なぜ、そんな相互愛を求めるのでしょうか。イエスはなぜすべての人を愛する必要があるかも説明します。それは、「わたしがあなたがたを愛したのだから」ということです。「わたしがあなたがたを愛したように、あなたがたも互いに愛し合いなさい。」イエスは、誰も分け隔てしないで愛した。これが新しく示された互いに愛し合うお手本です。

イエスのお手本は、十字架の上に完全に現されました。イエスは正しい人のためだけに命を捧げたのではないのです。隣に磔にされた殺人犯のためにも、イエスの十字架のそばで泣いていた婦人たちのためにも、磔の場面から逃げ去った弟子たちのためにも、すべての人のために命を捧げたのです。すべての人のために命を捧げたのでしたら、わたしのためにも命を捧げてくださったのではないでしょうか。

そのイエスが、掟を授けます。「互いに愛し合いなさい。」分け隔てなく愛し、全人類のために命を捧げたイエスが「互いに愛し合いなさ」と命じたのであれば、わたしたちがあの人は愛さなくてよい、あの人は嫌ってもかまわない、あの人には文句を言ってもよいということになるでしょうか。わたしは決してそうであってはならないと思います。すべての人を、互いに愛し合うのでなければ、イエスの命令を果たしたことにはならないのです。

今日、わたしたちはここにミサに集まりました。考え方の違う人が集まりました。礼拝に参加するという目的は同じですが、わたしと考えの違う人が集まっています。「わたしと考え方が真っ向から食い違うので、あの人は愛せません」この言い分は、本当に通用するでしょうか。

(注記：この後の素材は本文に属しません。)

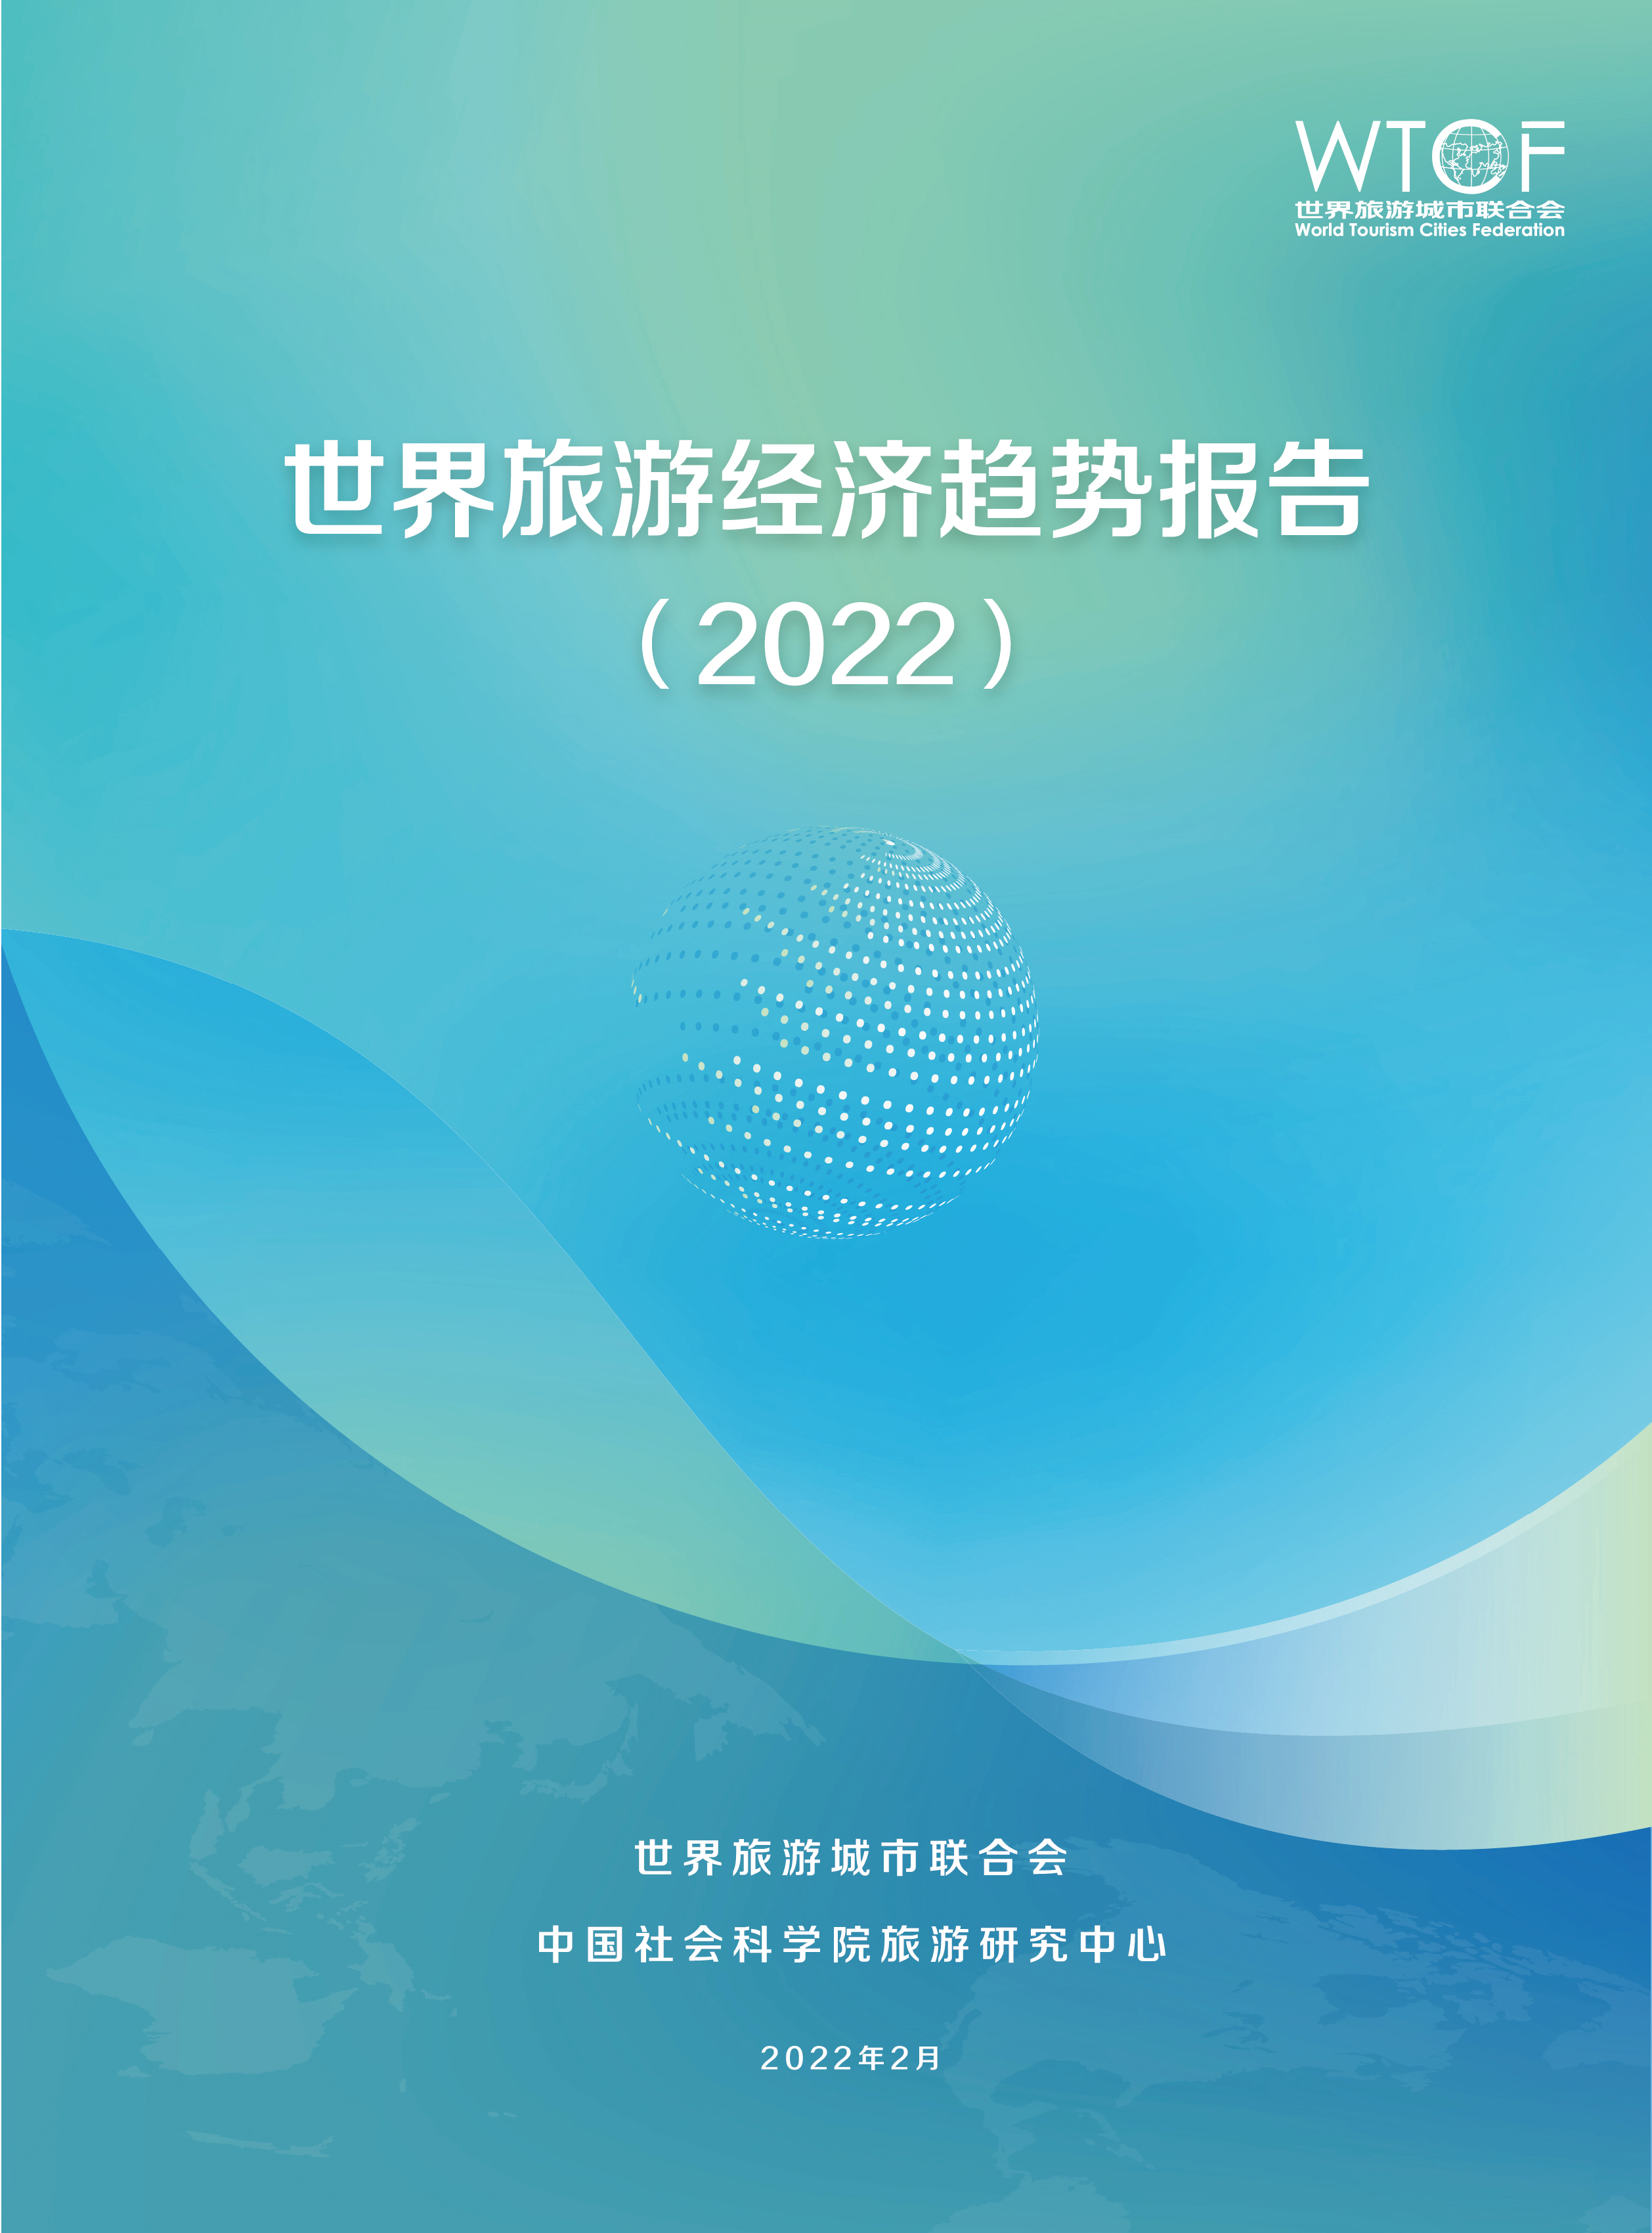 世界旅游經濟趨勢報告（2022）_fororder_《世界旅游經濟趨勢報告（2022）》簡版-20220301-中文_1

正直に言いますが、中田神父が見ても、わたしと考え方が真っ向から食い違う人はいるのです。ここにいるという意味ではありませんが、18年、5つの教会を巡回して、真っ向から食い違う人が誰もいなかったといったら嘘になります。わたしは、「互いに愛し合いなさい。わたしがあなたがたを愛したように」というイエスの新しい掟の、足元にもたどり着いていなかったと思うのです。

ここで説教の最初に話したことを思い出して欲しいのですが、「昔の仕方でお願いします」と告解のときにお願いしたお父さんがいました。「昔の仕方」とか「新しい仕方」にこだわることこそが、もはや鮮度を失っていると思います。もしも、誰かが「昔の仕方でお願いします」と言われたら、司祭は慌てることなく、その人にとって神のゆるしが十分伝わるような接し方をしてあげる。これこそが、画期的な新しいゆるしの秘跡ではないかなぁと思いました。

イエスは、わたしたちに新しい掟を授けました。分け隔てなく、互いに愛し合う生き方です。自分の信念と合わない人と、互いに愛し合いましょう。わたしが正しいと思っていることに異議を唱える人と、互いに愛し合いましょう。

イエスが、「わたしがあなたがたを愛したように」とのお手本を示したのですから、わたしたちには「この人は愛せません」「ミサに来ている中で、この人は受け入れられません」などという限界を設けてはいけません。まったく新しい、画期的な相互愛の生き方を、困難を感じても一歩ずつ進めていくことができるように、ミサの中で助けを願いましょう。